Abstract
Background
Recent advances in neuroscience tools for single-cell molecular profiling of brain neurons have revealed an enormous spectrum of neuronal subpopulations within the neuroendocrine hypothalamus, highlighting the remarkable molecular and cellular heterogeneity of this brain area.
Rationale
Neuronal diversity in the hypothalamus reflects the high functional plasticity of this brain area, where multiple neuronal populations flexibly integrate a variety of physiological outputs, including energy balance, stress and fertility, through crosstalk mechanisms with peripheral hormones.

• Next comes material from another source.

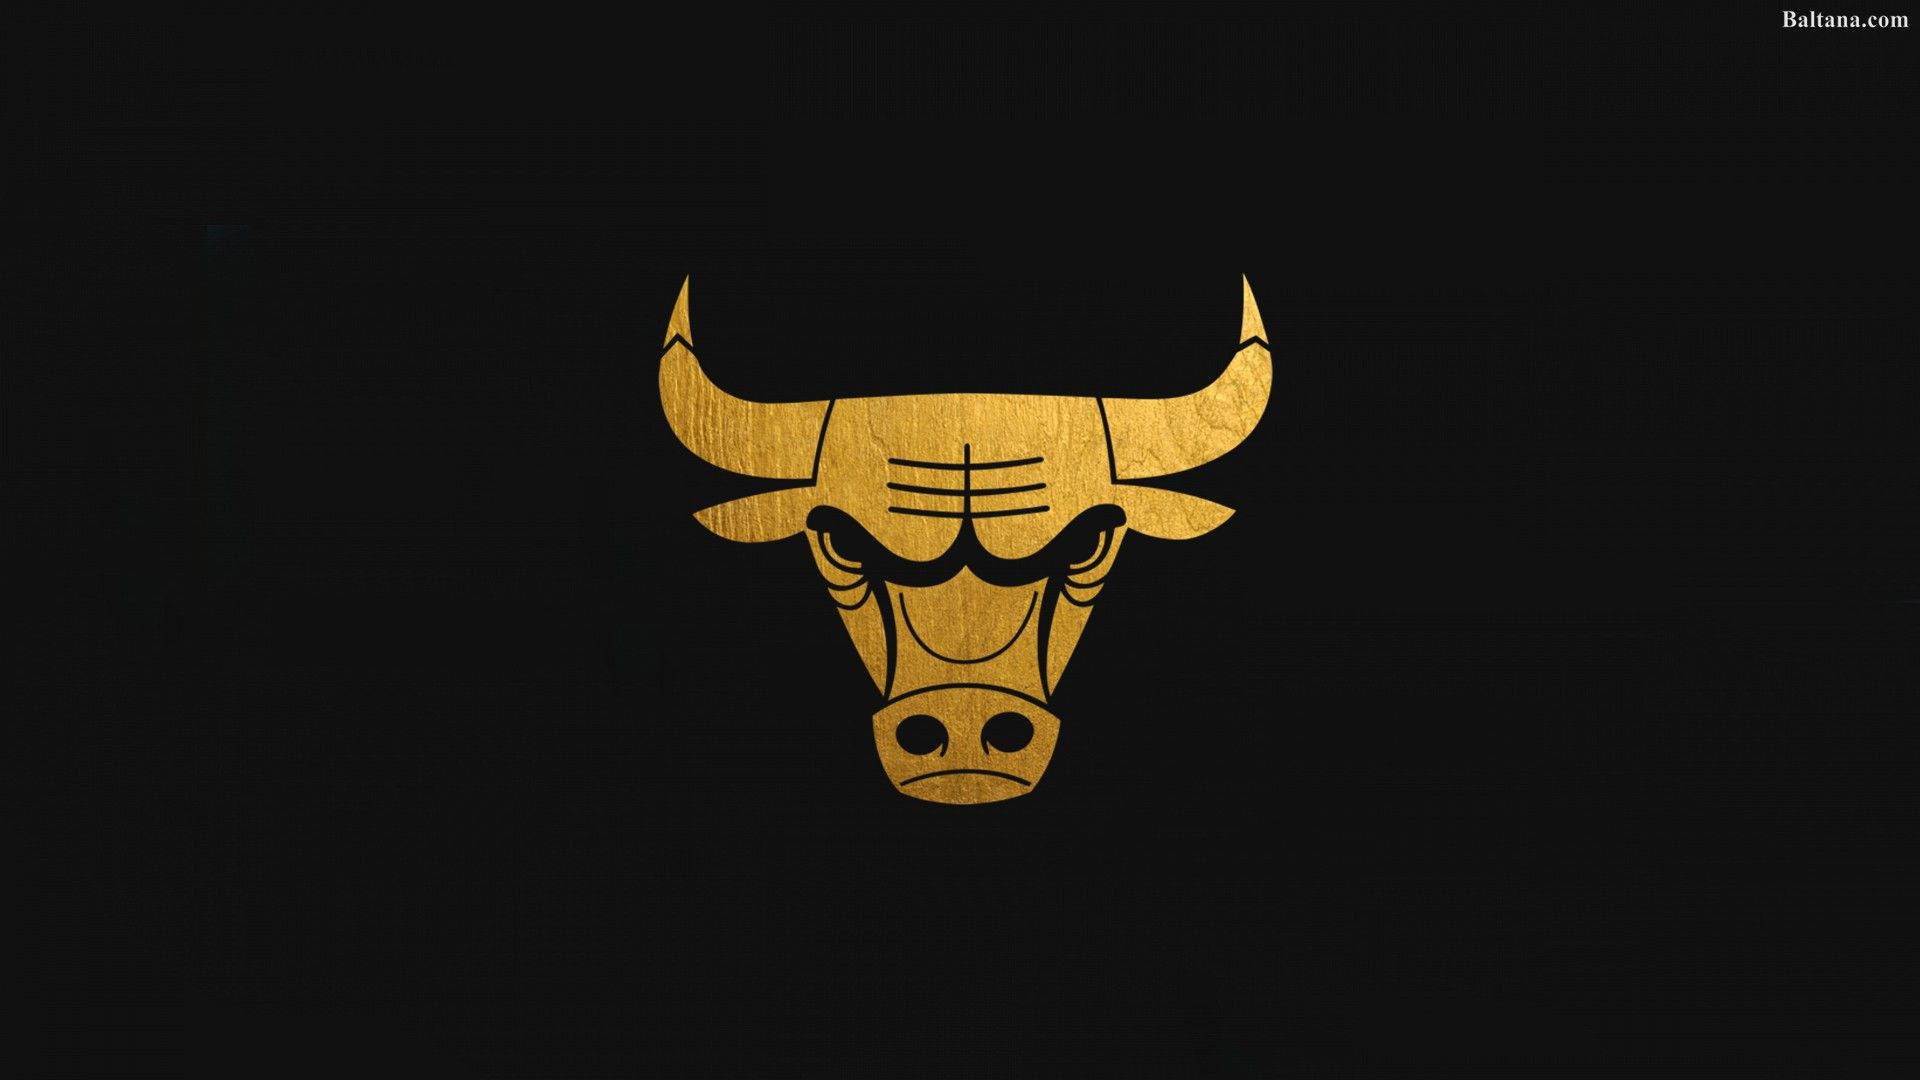 Chicago Bulls Gold Logo

Intrinsic functional heterogeneity is also observed within classically ‘defined’ subpopulations of neuroendocrine neurons, including subtypes with distinct neurochemical signatures, spatial organisation and responsiveness to hormonal cues.
Aim
The aim of this review is to critically evaluate past and current research on the functional diversity of hypothalamic neuroendocrine neurons and their plasticity. It focuses on how this neuronal plasticity in this brain area relates to metabolic control, feeding regulation and interactions with stress and fertility-related neural circuits.
Conclusion
Our analysis provides an original framework for improving our understanding of the hypothalamic regulation of hormone function and the development of neuroendocrine diseases.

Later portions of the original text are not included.